Given a connected graph, two players play a turn-based game: First. the red guy removes a node (and therefore, its adjoining edges too), now the blue guy adds edges between the remaining nodes. What edges should the blue guy add so that over a whole run of the game, the network remains connected, no node gets too many new edges and the distance between any pair of nodes (i.e. the network stretch) does not blow up by much? Now, imagine that the nodes in the graph are computers and the graph is a distributed network; the nodes themselves are the blue guys but they do not know anybody beyond the nodes they share an edge with. Solving such problems is the essence of self-healing distributed networks.
We shall present the distributed self-healing model which is especially applicable to reconfigurable networks such as peer-to-peer and wireless mesh networks and present fully distributed algorithms that can 'heal' certain global and topological properties using only local information. Forgiving Graph [PODC 2009; DC 2012] uses a 'virtual graphs' approach maintaining connectivity, low degree increase and closeness of nodes (i.e. stretch). Xheal [PODC 2011; Xheal: localized self-healing using expanders] further maintains expansion and spectral properties of the network. We present a full distributed implementation in the LOCAL message passing model. However, we are working on ideas to allow even more efficient implementations and stronger guarantees.
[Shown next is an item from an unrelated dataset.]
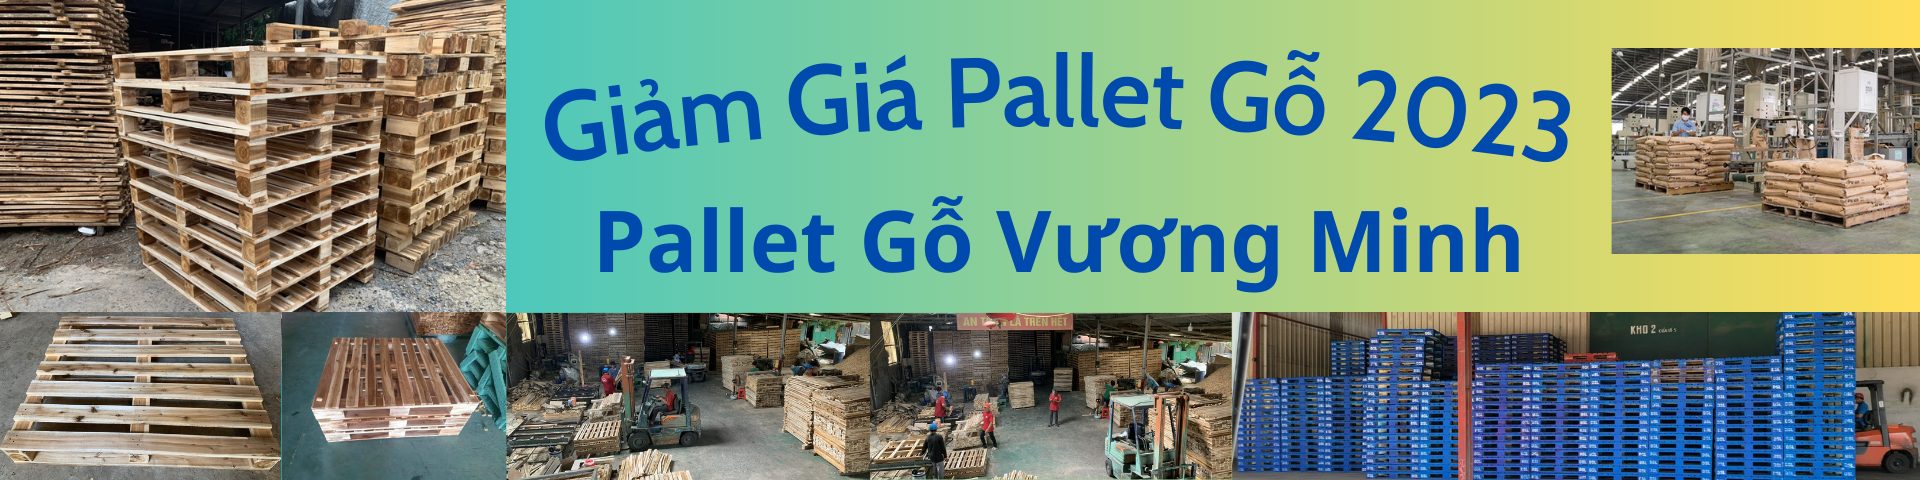 Pallet gỗ 1000x1200 - 3 chân cặp M2026523 - Giảm Giá Bán Pallet Gỗ 2023
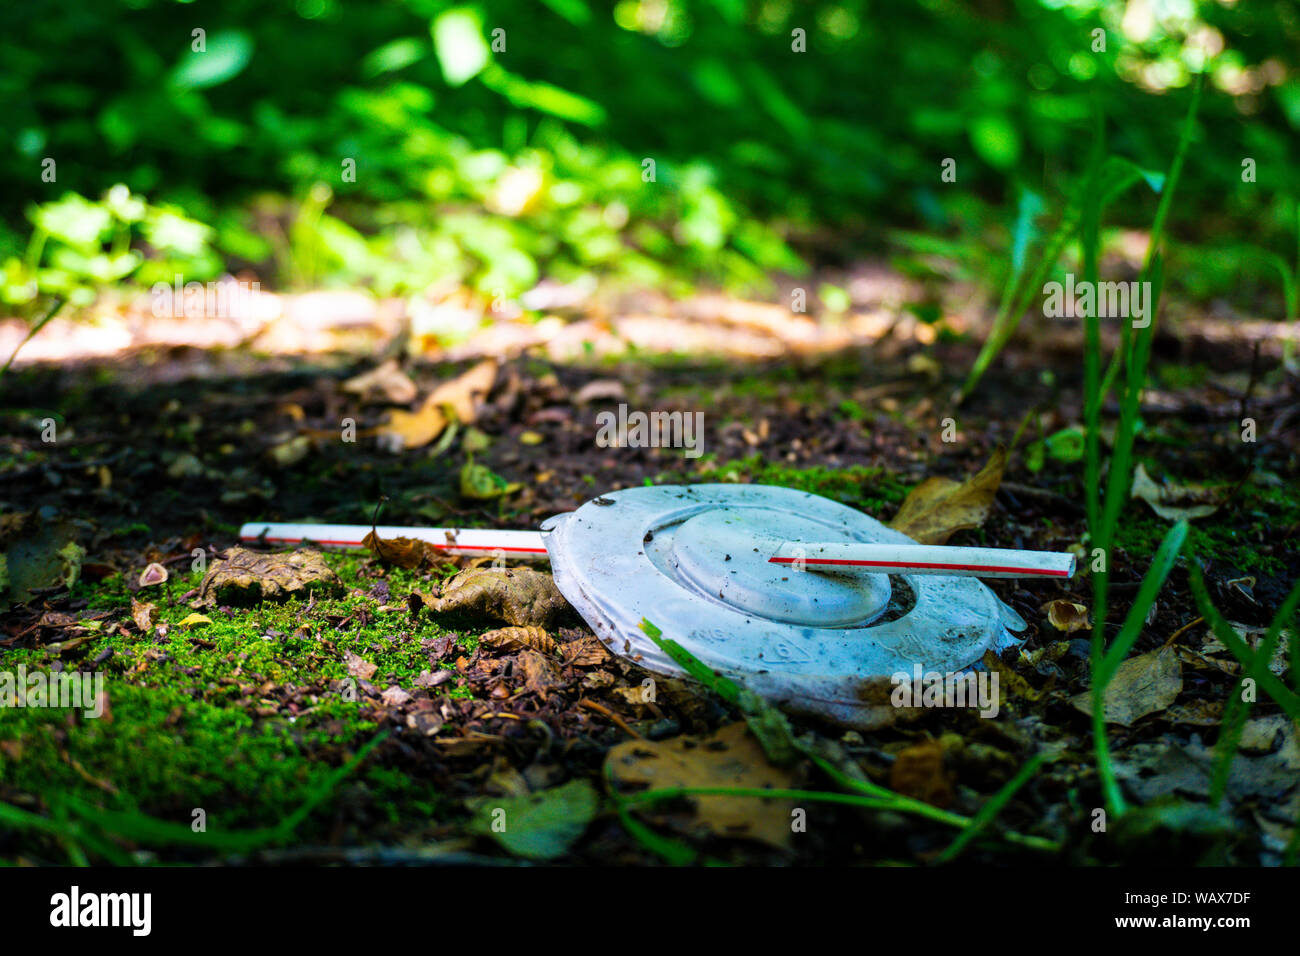 Un coperchio in plastica con paglia si trova al bordo in una zona boscosa, inquinando l'ambiente Foto Stock

Amitabh Trehan is a postdoc with the information systems group at the faculty of Industrial Engineering at Technion, Haifa, Israel. At Technion, he works with Profs. Shay Kutten and Ron Lavi on distributed systems and game theory. Before Technion, he was a postdoc with Prof. Valerie King (at UVIC, Canada). His Ph.D. Advisor was Prof. Jared Saia (University of New Mexico, USA) with whom he worked on algorithms for self-healing networks. His broad research interests are in theory and algorithms with specific interests in distributed algorithms, networks, and game theory. His interest includes designing efficient distributed algorithms for robustness/self-healing/self-* properties in systems under adversarial attack, and studying game theoretic and other mechanisms for evolving networks, such as social networks or distributed systems (P2P networks etc).